Until this release, the ioFABRIC messaging around Vicinity had focused on the granularity of what it did — ensuring that the most important apps have top priority for I/O resources by letting admins assign quality of service levels to apps, and then optimizing storage resources to meet those levels.
“We found that customers were still thinking of storage like Henry Ford said people used to think of horses, that to get more speed, you needed a faster horse, not realizing they could have a car,” Flint said. “That led us to simplify our messaging, and to get back to the level that buyers are thinking.”
That, Flint said, is summed up in the new ioFABRIC tagline — Always Available, Always Protected, Always Evergreen.
“It’s about having a virtual pool of storage resources that you have when you need it,” he said. “It’s really that simple. It completely eliminates the need for forklift upgrades. You hot swap an array and the data centre still runs, in the same way as RAID handles disks. It’s not a migration solution, because it cures the need for migration.”
The core functionality remains the same as before.
“Policies are set up policies for applications,” Flint said. “When workloads change, we adapt to that. We route around failures, and change the storage media being used. If you don’t have storage resources to deliver, we will tell you and you either get more hardware or relax the policies. We can only deliver up to the limitations of your storage infrastructure, but we optimize that. An admin can make very general policies, or be much more specific. You can get as granular as you need to, requiring for example, that an application never leaves the U.S., or that it never leaves these two SANs.”
Flint said that the enhancements in Vicinity 3.0 focus on completing the ‘Always’ story. They have also added cost optimization, and added a branch of AI called swarm intelligence to make that work.
“Swarm intelligence is a recognized branch of AI,” Flint said. “It’s based on the principle that a single bee has nominal intelligence, but a swarm works together to do things that are more intelligent. We have applied it on two levels, on a per application workload basis, and on a management swarm that optimizes over all applications, optimizing for cost over the entire data fabric to use the least expensive media while adhering to SLA policy.”
That’s a key ingredient in being Always Available, Flint said.

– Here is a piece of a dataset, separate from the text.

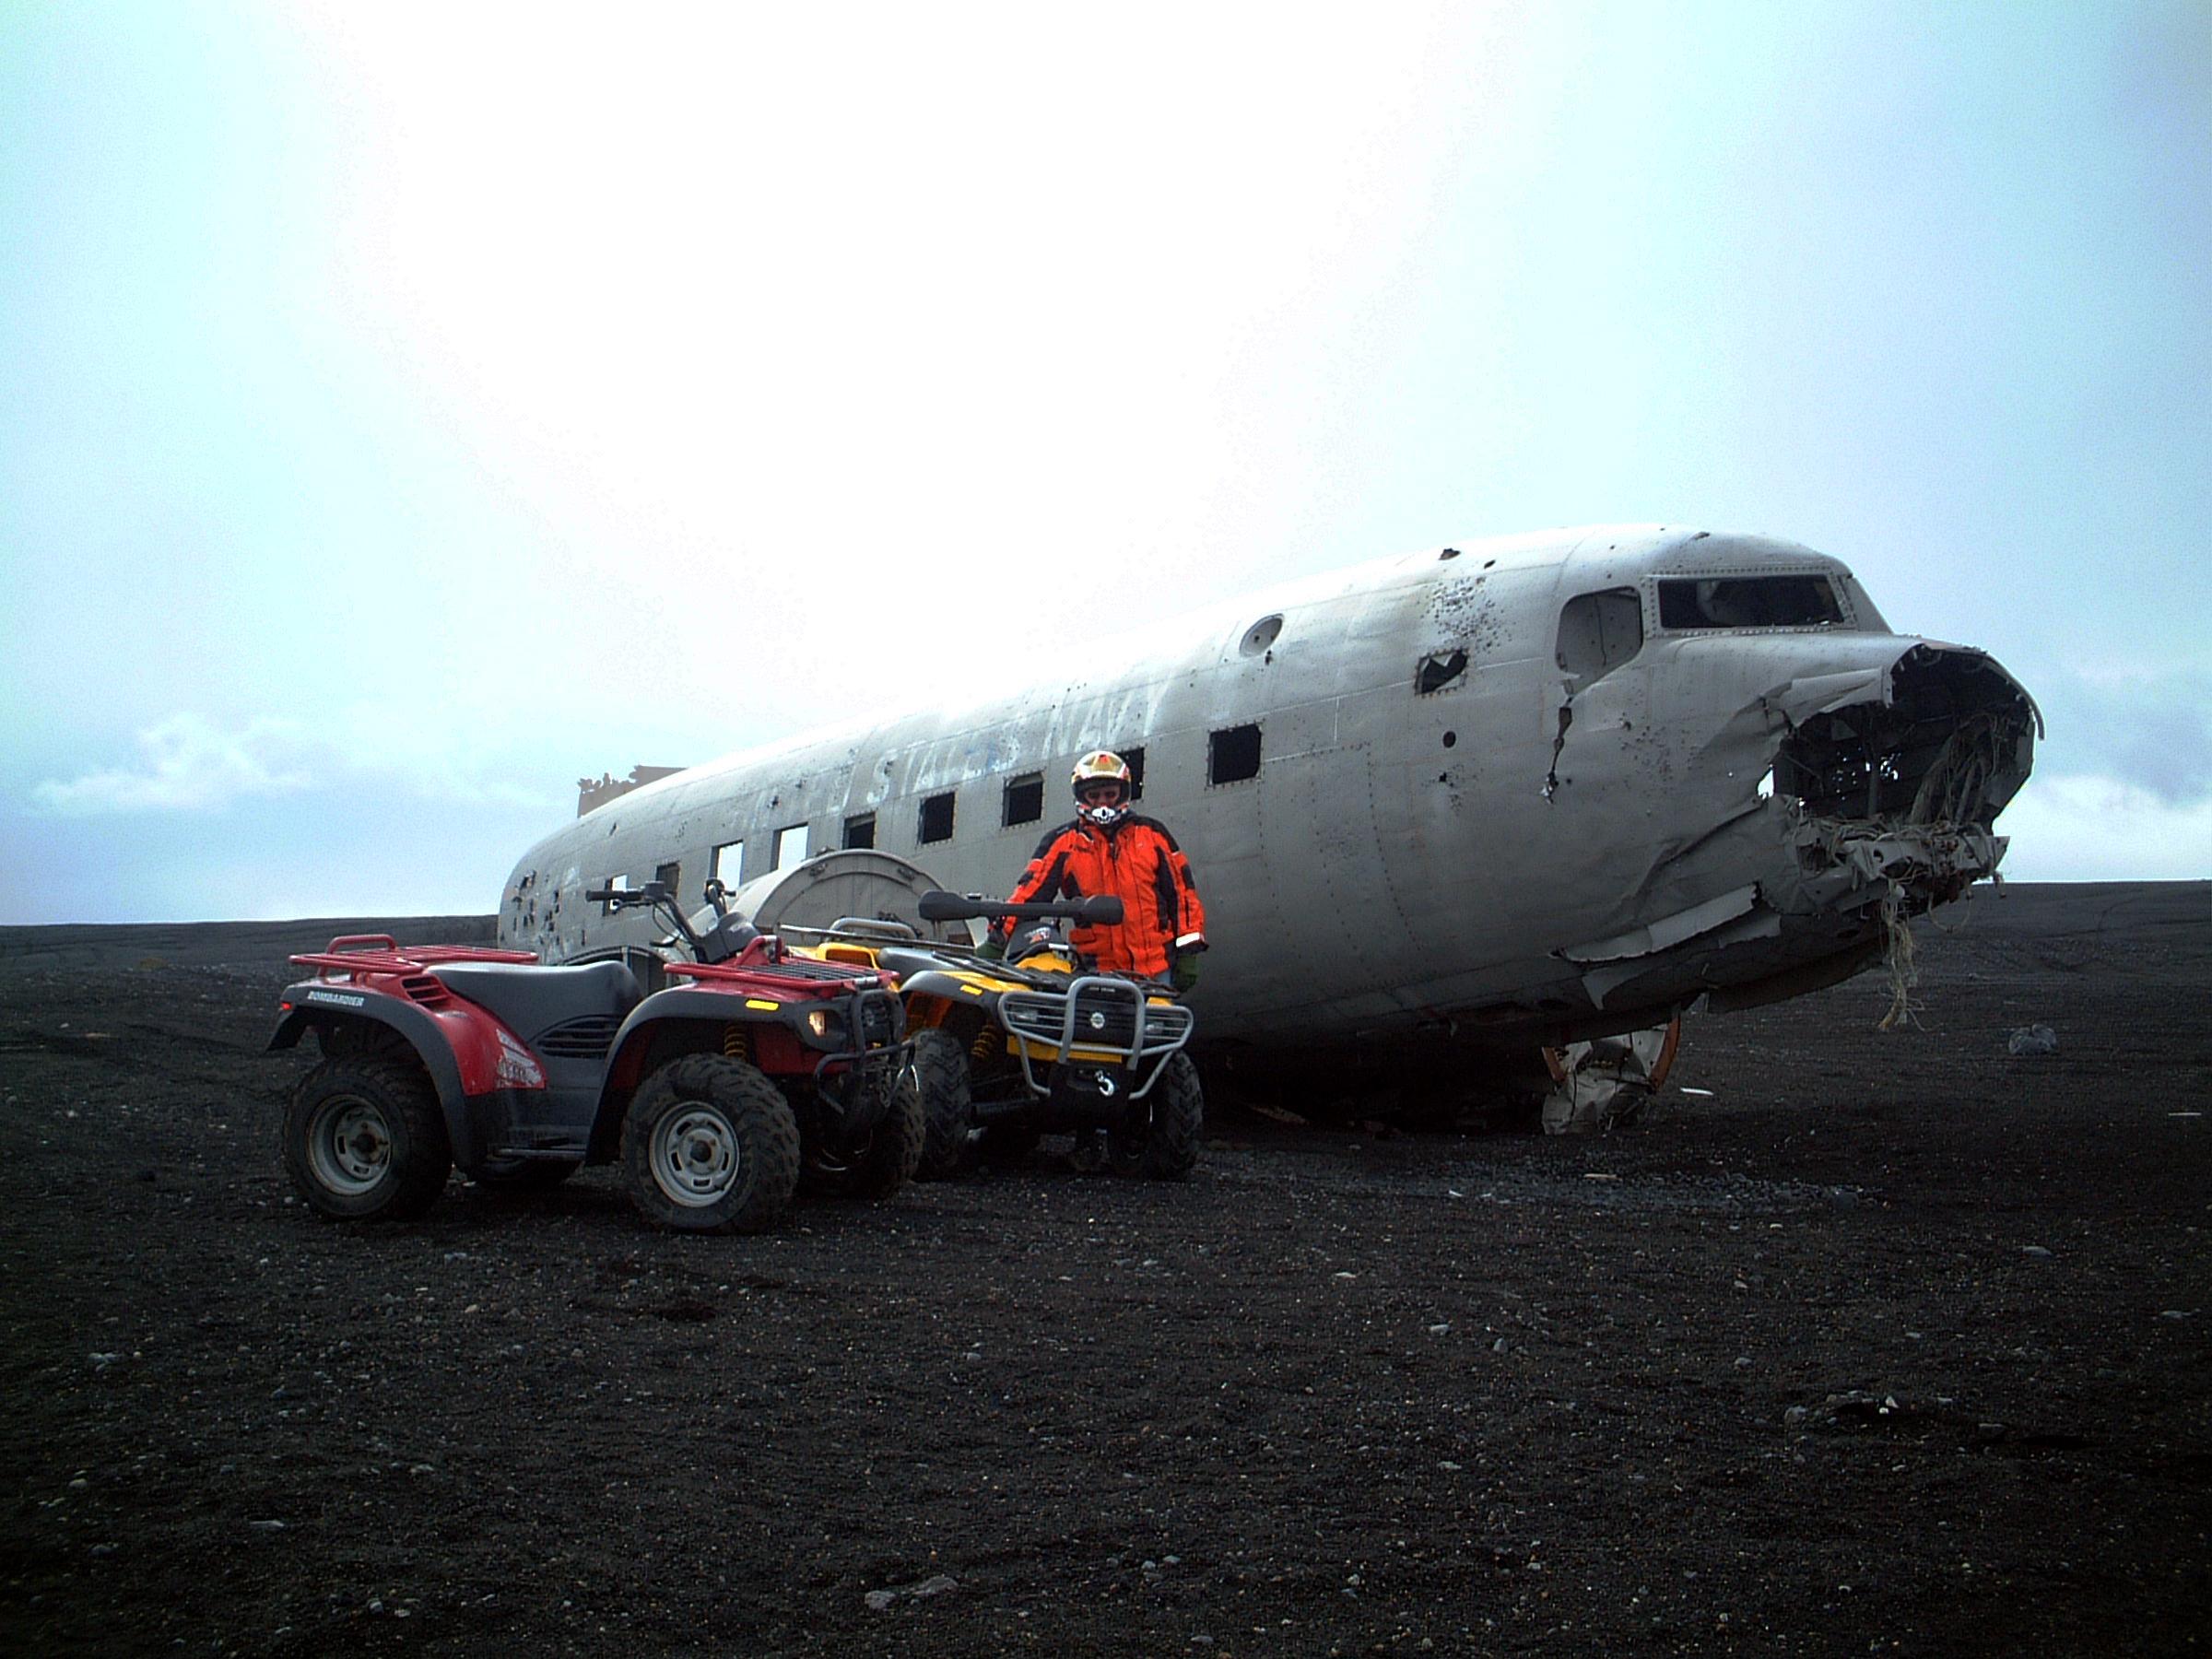 Kjør en kraftig ATV til DC3-flyvraket.

“The entire data fabric is now like a raid array,” he said. “You can lose a disk, an array or a site, and the data will still be available. The data expands across sites and clouds for continuity, so even if a whole data centre goes down, data will be available at other sites.”
The Always Evergreen concept is designed to deal with customer confusion around clouds.

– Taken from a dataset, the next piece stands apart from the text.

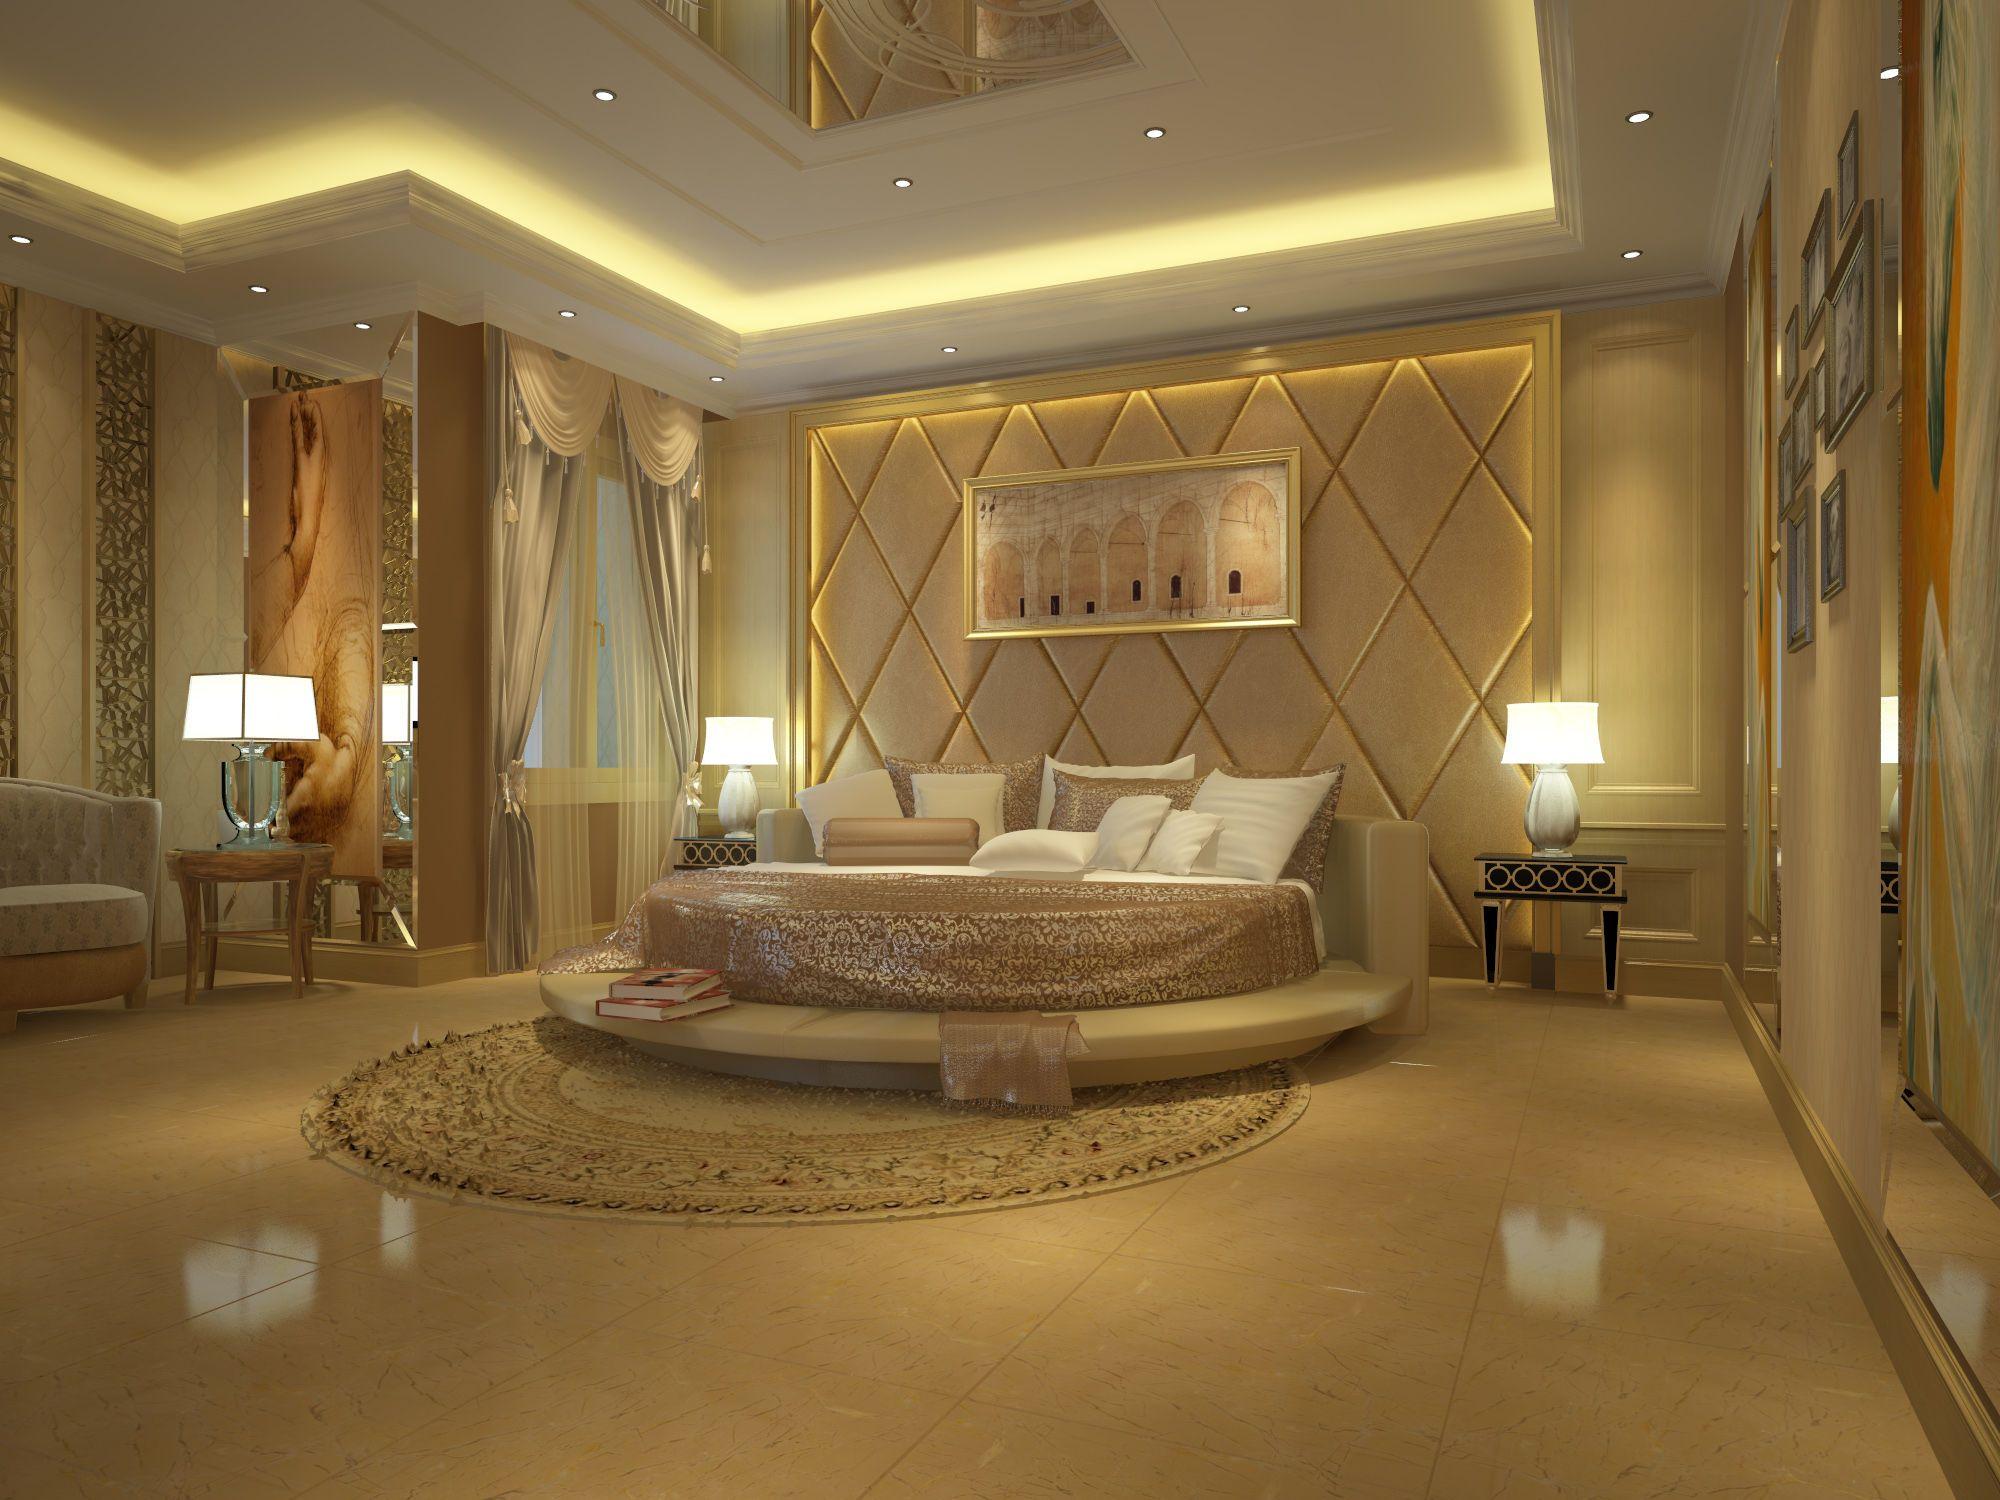 Emperador Marble Slab In Bedroom

“In discussions with storage buyers, we found that many don’t understand the real meaning of terms like hybrid cloud storage, and private cloud,” Flint said. “Vicinity transforms local storage into an on-prem private cloud, with both multi-site, and multi-cloud capability, for true hybrid could storage. You can hook up another cloud and auto-move other data to it, so there is no manual migration, ever.”
Always Protected revolves around the improvement of their snapshotting with Immutable Snapshots, as protection against ransomware.
“We had snapshotting from the start, but ransomware made us look at snapshotting more closely, and we improved it substantially,” Flint said. “We can now store more snapshots with closer restore time in a smaller format. They are also not directly accessible through the disk, and are saved in an immutable format. It’s not complete protection against ransomware, but our snapshots will recover up to a point. We also added data residency controls.”
During the last year, while developing Vicinity 3.0, ioFABRIC has also placed considerable focus on its distribution strategy. The company, which sells entirely through channel partners, engaged SYNNEX a year ago as its distributor.
“The distribution channel is turning results for us,” Flint said. “We are also looking to add high-end technology partnerships, which are important because we are a startup. We are also looking for OEM relationships, now that we have distribution channels in place.”